Artist Registry
The White Columns Curated Artist Registry is an online platform for emerging and under-recognized artists to share images and information about their respective practices. The Registry seeks to create a context for artists who have yet to benefit from wider critical, curatorial or commercial support. To be eligible, artists cannot be affiliated with a commercial gallery in New York City.
To apply to the Registry, click here. Join our mailing list here to receive our open call announcement and other programming updates. For any further questions about the Registry, please contact us at registry@whitecolumns.org.
STATEMENT OF WORK
I am a San Francisco-based artist and geospatial software developer. Through performance and video I reinvigorate the perceptual inquiries of structural filmmakers, experimental animators, the Light and Space Movement, and concrete/visual poetry as new possibilities in digital cartography. My concerns include perceptual pleasure and fatigue, geographies of the natural and built environment, and subverting the presumed objectivity/authority of maps.

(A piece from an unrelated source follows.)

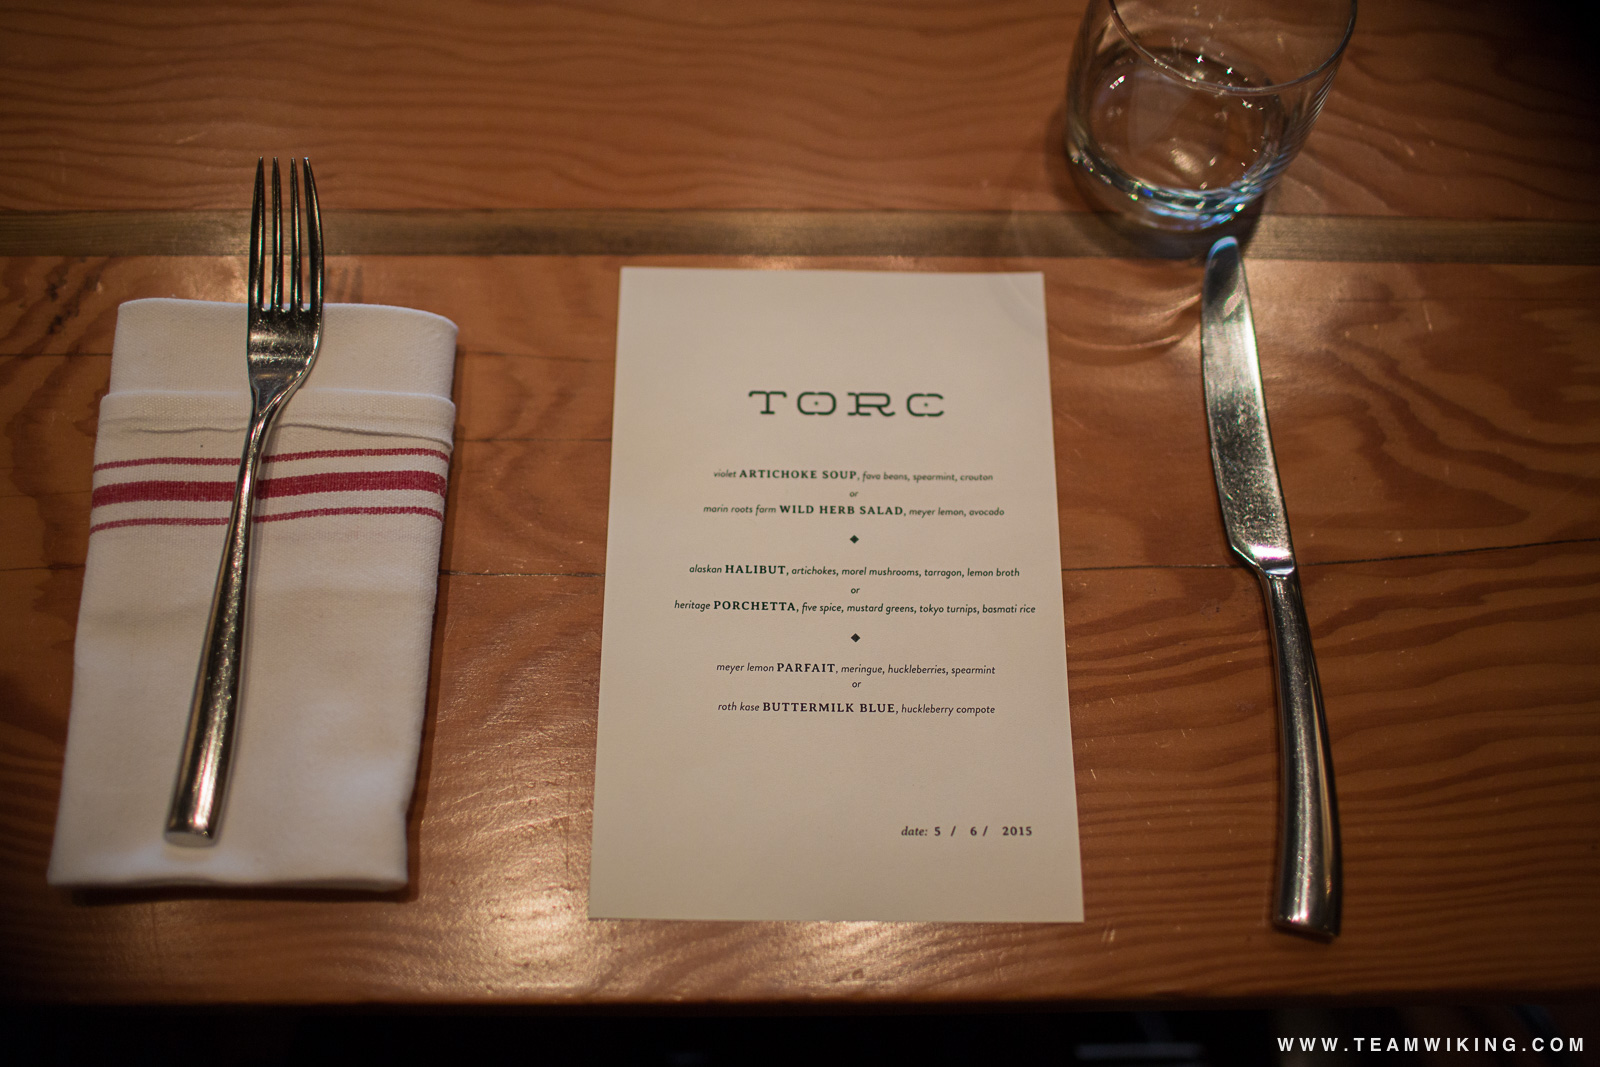 Torc in Downtown Napa
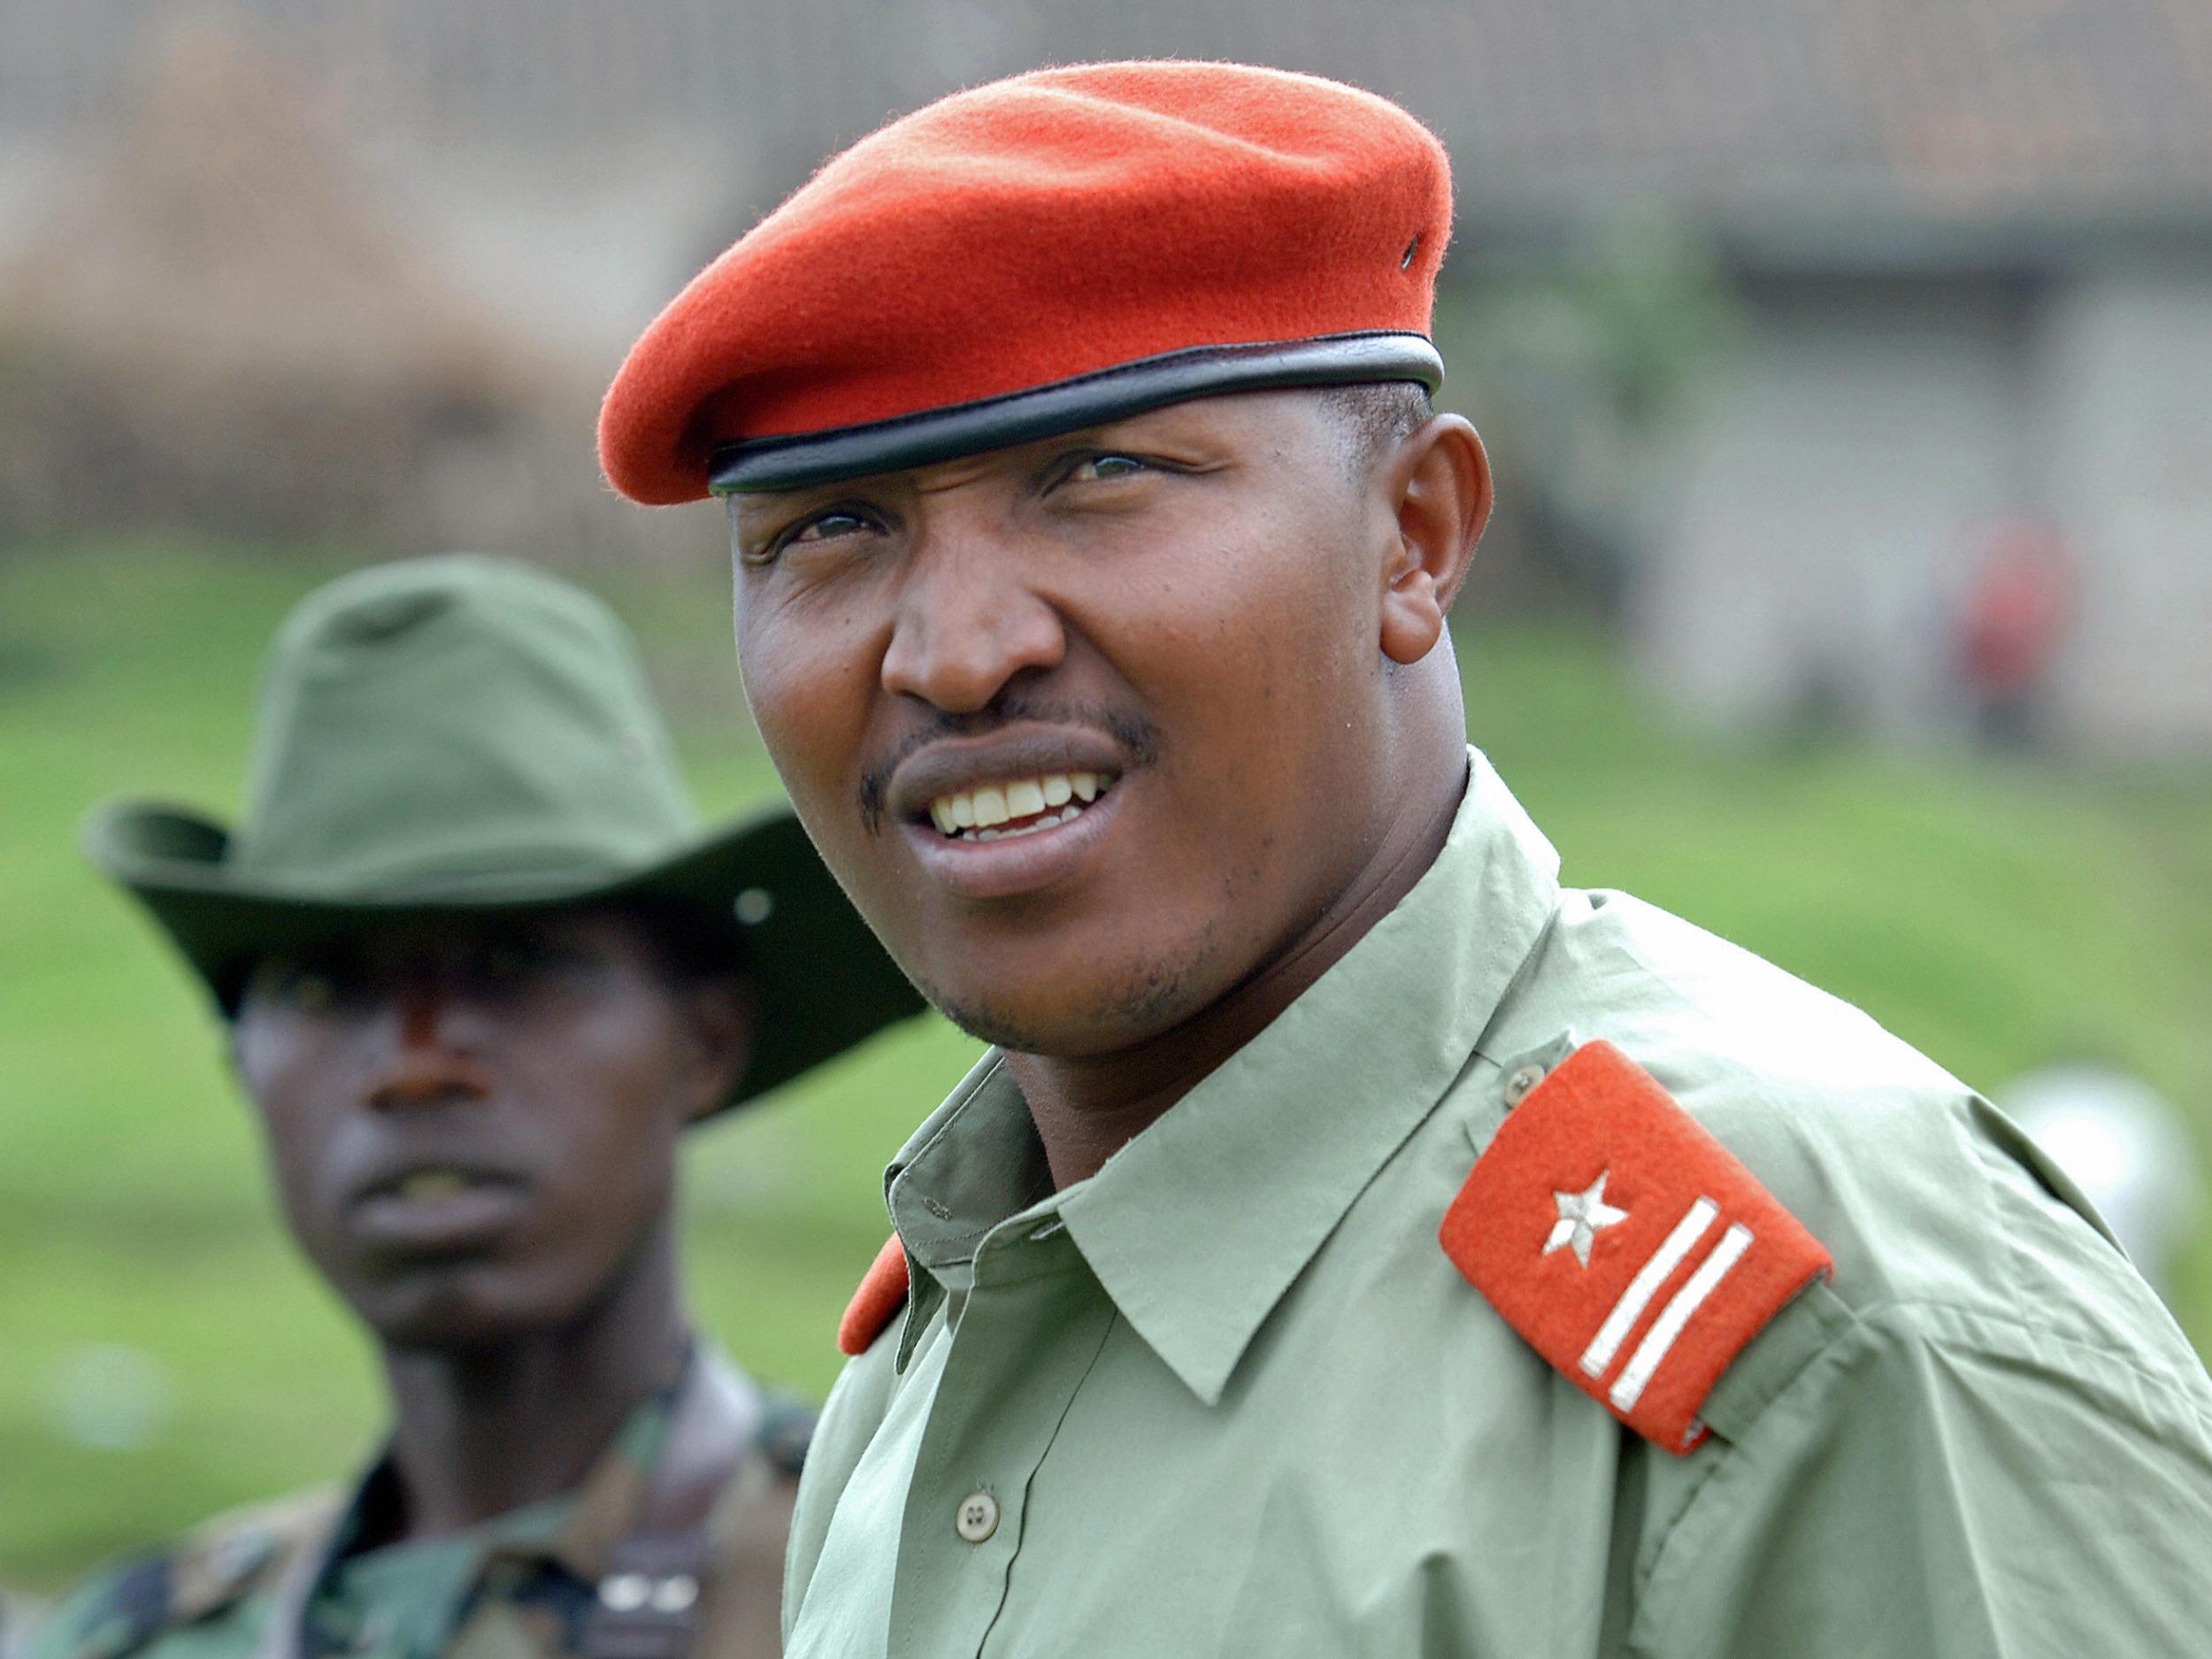 Until 2013, Ntaganda claimed he was innocent of any wrongdoing before turning himself in

Since its premiere in April 2022 I've given over thirty performances of "A Synesthete's Atlas" across North America and Europe, during which I manipulate projected digital maps in collaboration with improvising musicians and other time-based artists as a form of expanded cinema. I describe it as a visual wash of street grids, land masses, water bodies, and curiosities from built and natural environments; others have called it truly radical cartography as well as pre-, post-, and anti-cinema.
Throughout February 2024, my "If Map #5", a map-based animation, looped on the eight story high display that crowns San Francisco's Salesforce Tower, the second tallest building west of the Mississippi River.
In September and October 2024 I was an Artist in Residence at AGA LAB in Amsterdam, creating a portfolio of screenprinted maps whose design was in dialogue with works by Eduardo Paolozzi, Corita Kent, and other Pop practitioners from the 1960s.